Le panorama a été photographié à partir d'un point élevé de terre sec, surgi du fond sec du lac mais normalement complètement submergé sous au moins 15 mètres d'eau lorsque le réservoir est rempli. Ce point est sec depuis assez longtemps pour permettre à des mauvaises herbes portés par le vent de s'enraciner et d'atteindre une hauteur de plus d'un mètre - on peut en voir près de mon véhicule 4x4.


Dès lors que le réservoir contient si peu d'eau, les fermiers détenteurs de permis généraux d'irrigation ne reçoivent plus d'eau depuis plus de deux ans. Dorénavant, même ceux qui détiennent des permis prioritaires d'irrigation, et qui obtiennent d'habitude 100% de leur allocation en eau, ne recevront que 15%. Les temps sont bien difficiles dans cette région touchée par le réchauffage global à l'intérieur continent peuplé le plus sec du monde.


Le barrage de Wyangala est situé à 35 kilomètres à l'est de la ville de Cowra.


French translation © 2005 Dr Linda A Pontré
Behind the scenes : how this panorama was made
I originally intended to photograph a dry domestic water supply reservoir supplying the city of Goulburn, NSW, for the solstice water event, however the opportunity to photograph Wyangala from the lake side of the dam wall was just too good to pass up.

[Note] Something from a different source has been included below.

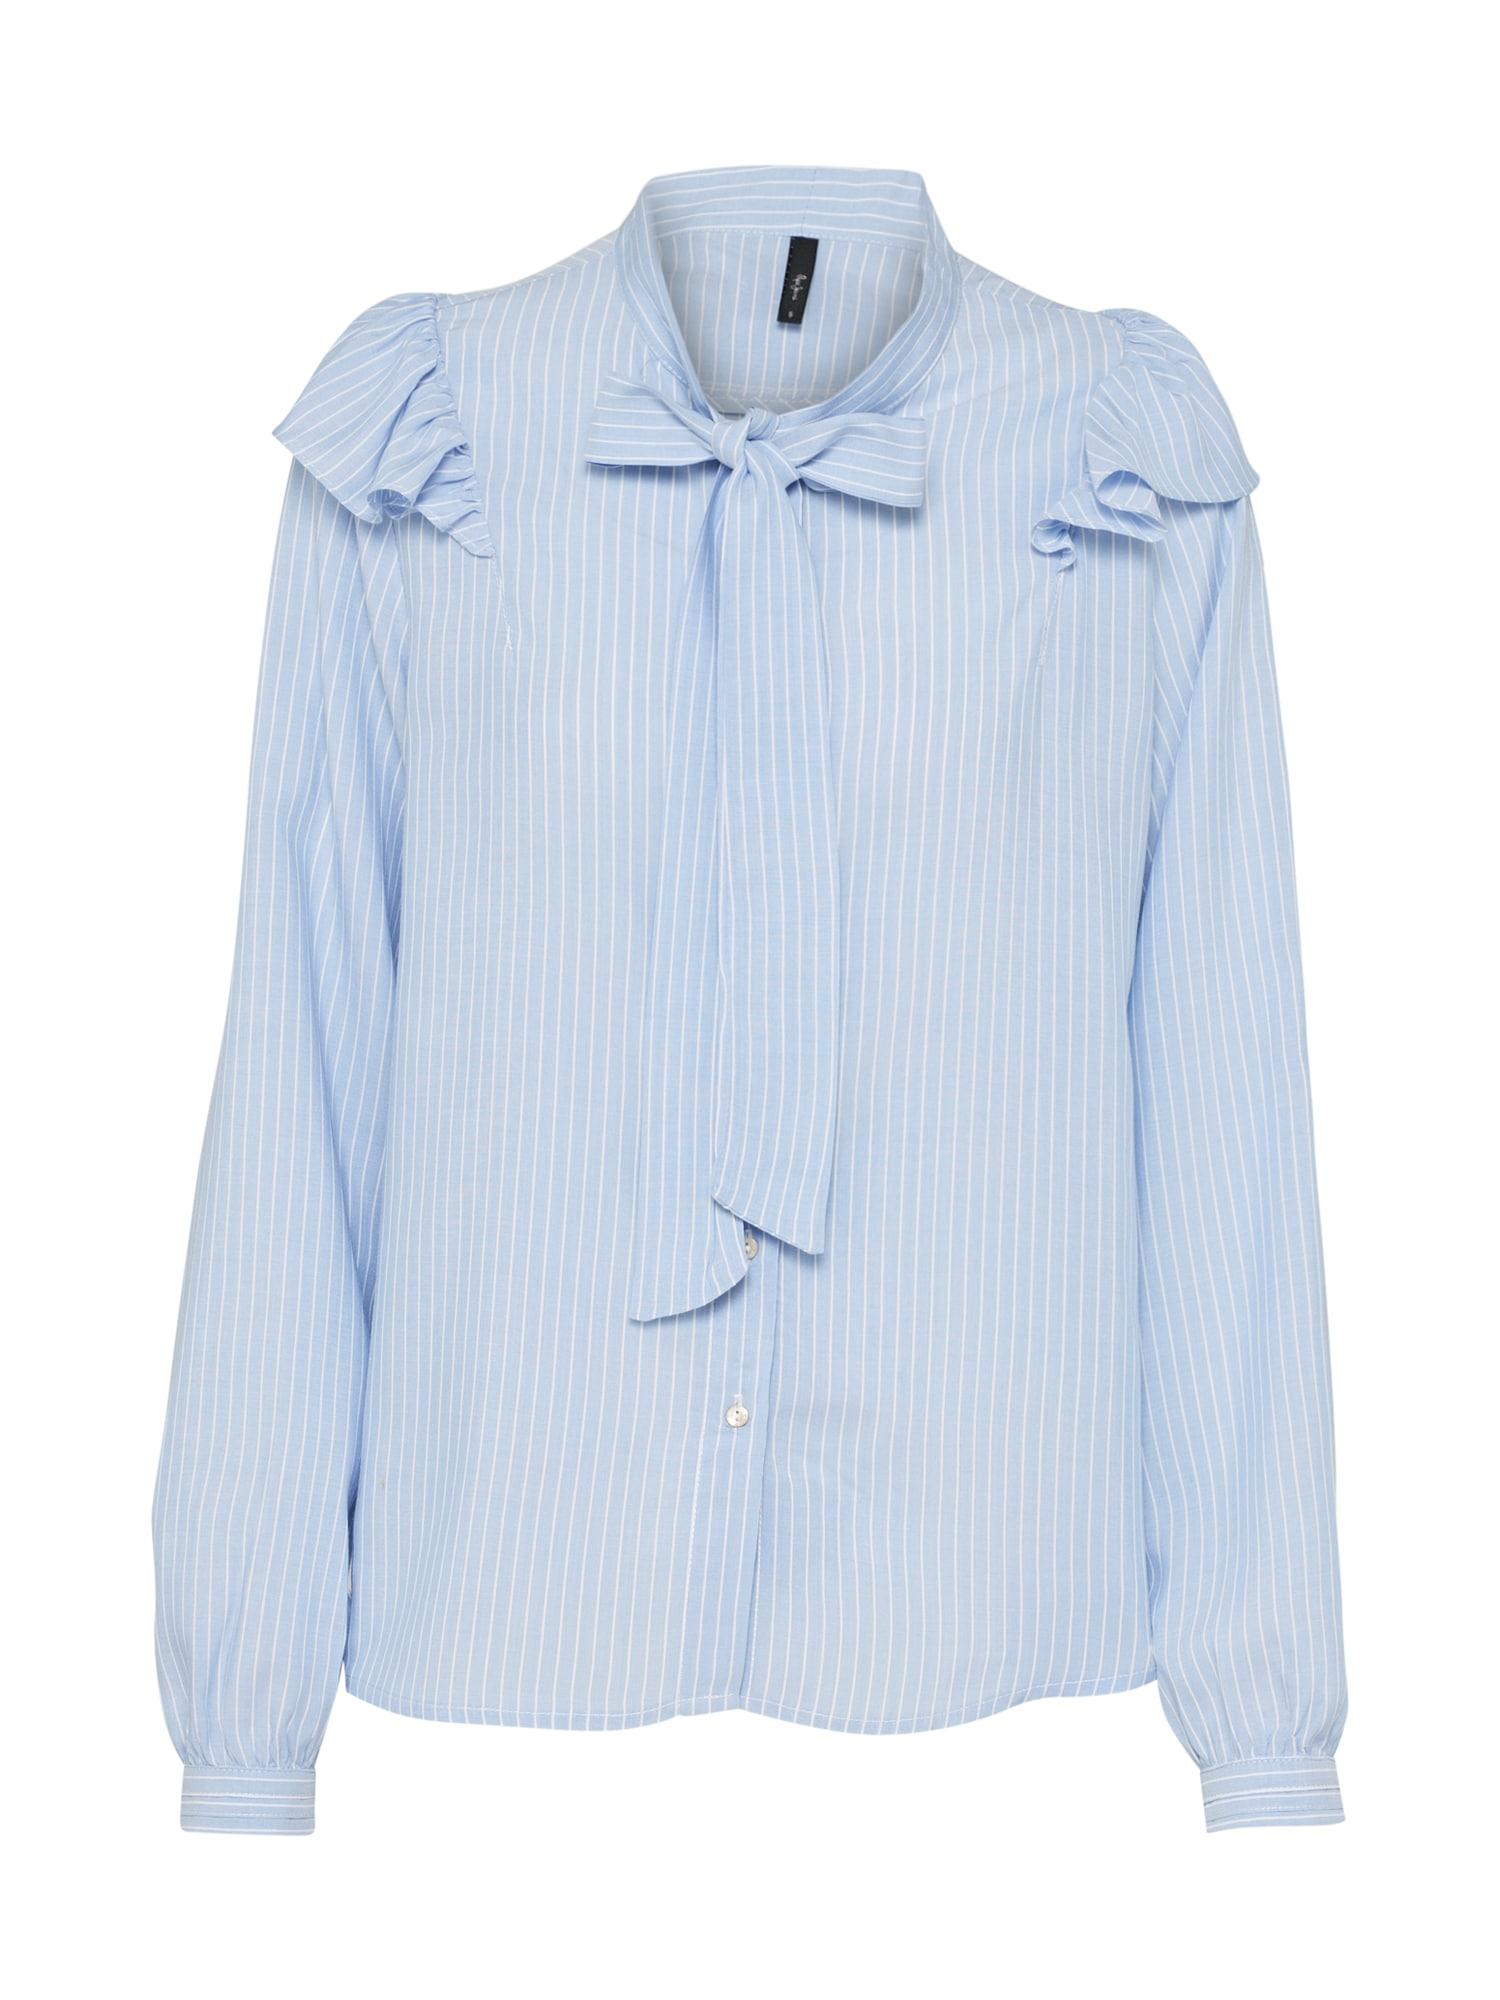 Pepe Jeans Dames Blouse AYUMI blauw wit

I was of course totally unprepared for capturing the panorama, as I had planned to do the Goulburn shoot some days later, and I did not have a tripod nor spirit level bubble with me, so I had to rely on guessing the horizontal alignment, and I rotated the camera without any support to take the 26 images that were required, so it is very much a best-guess effort. I had limited memory available so I had to take just one sequence, with no exposure bracketing possible either.


If you look behind my 4WD, you can see a group of people and two Land Cruisers – I had originally started to take the panorama from that exact location, but they turned up as I was in the middle of taking the series images and their presence would have spoiled the panorama, so we decided to move and re-shoot.

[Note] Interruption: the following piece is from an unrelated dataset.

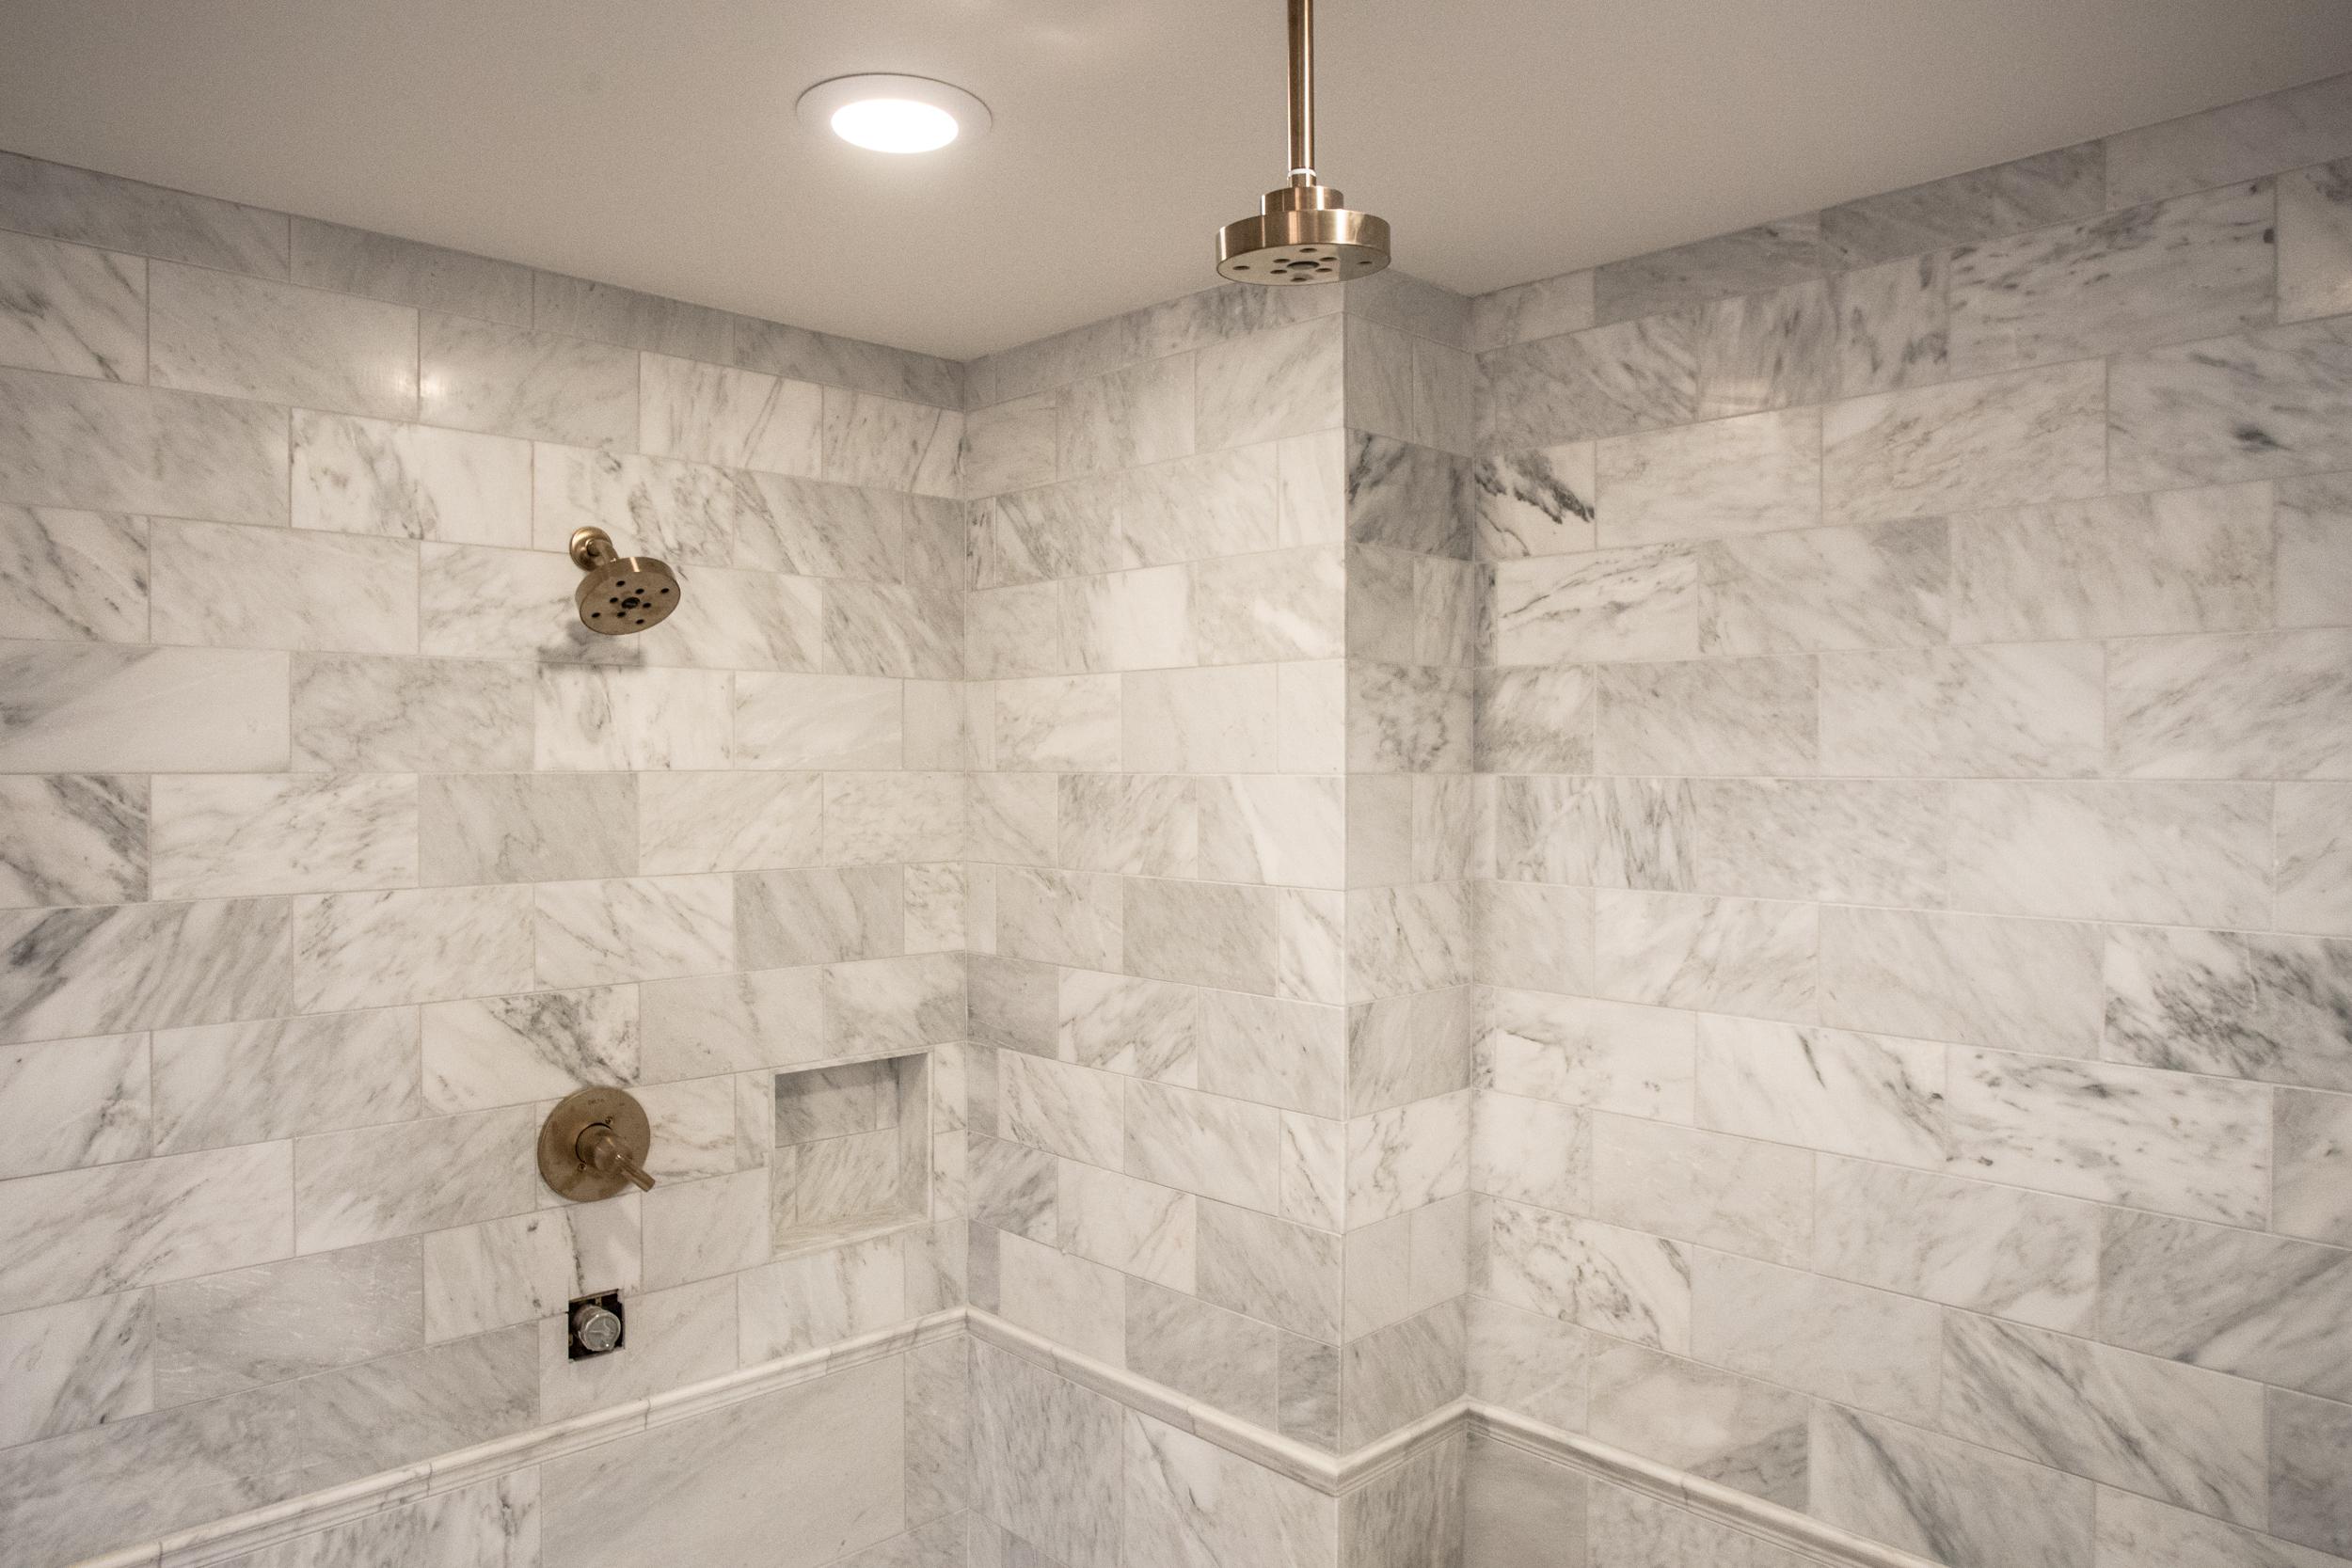 britt-development-group-nashville-tennessee-custom-home-builder-historic-restoration-0804.jpg

Twenty-six vertically oriented 4 megapixel images taken with a Lumix LC5 takes a bit of time to compose and capture at full resolution, and so the beginning and end of the series are marked by a change in the lighting affecting the clouds between these frames. I guess that this inevitable occurrence is acceptable for such a large series of images. I look jealously at the wonderful cubic images people are producing using a fisheye from just 8 frames...

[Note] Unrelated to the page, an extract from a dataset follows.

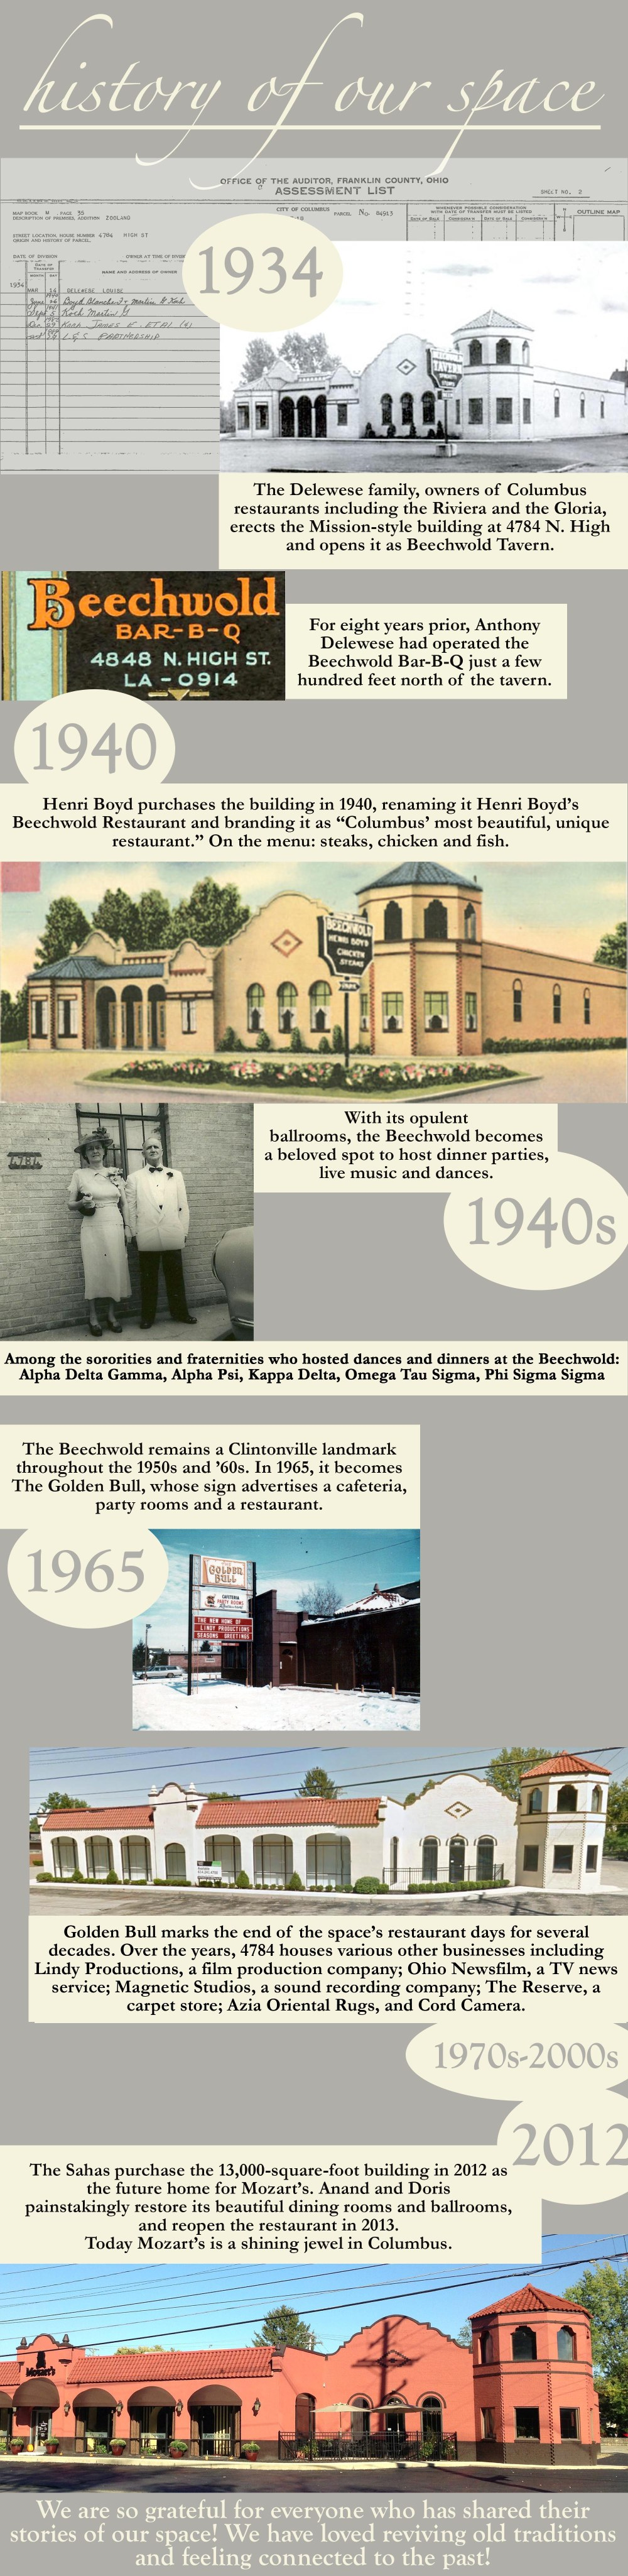 mozarts-history-web-final

The images were stitched with PTGUI 4.1, using JPEGs all the way through from capture to the panorama, so I could not use the Enblend plug-in to smooth the lighting transitions. I had problems creating a TIFF from sheer size of the source images, causing the TIFF stitch to repeatedly fail.


I used Photoshop after the stitch to fix a couple of minor errors that I had missed when placing control points, and I sharpened the images using an unsharp mask. The exposure and colour balance is exactly as captured.


It is a real challenge creating a QTVR object using a Windows platform, as there are not many reliable, affordable tools available. I hope to have a better toolbox to work with for this aspect for the next WWP event.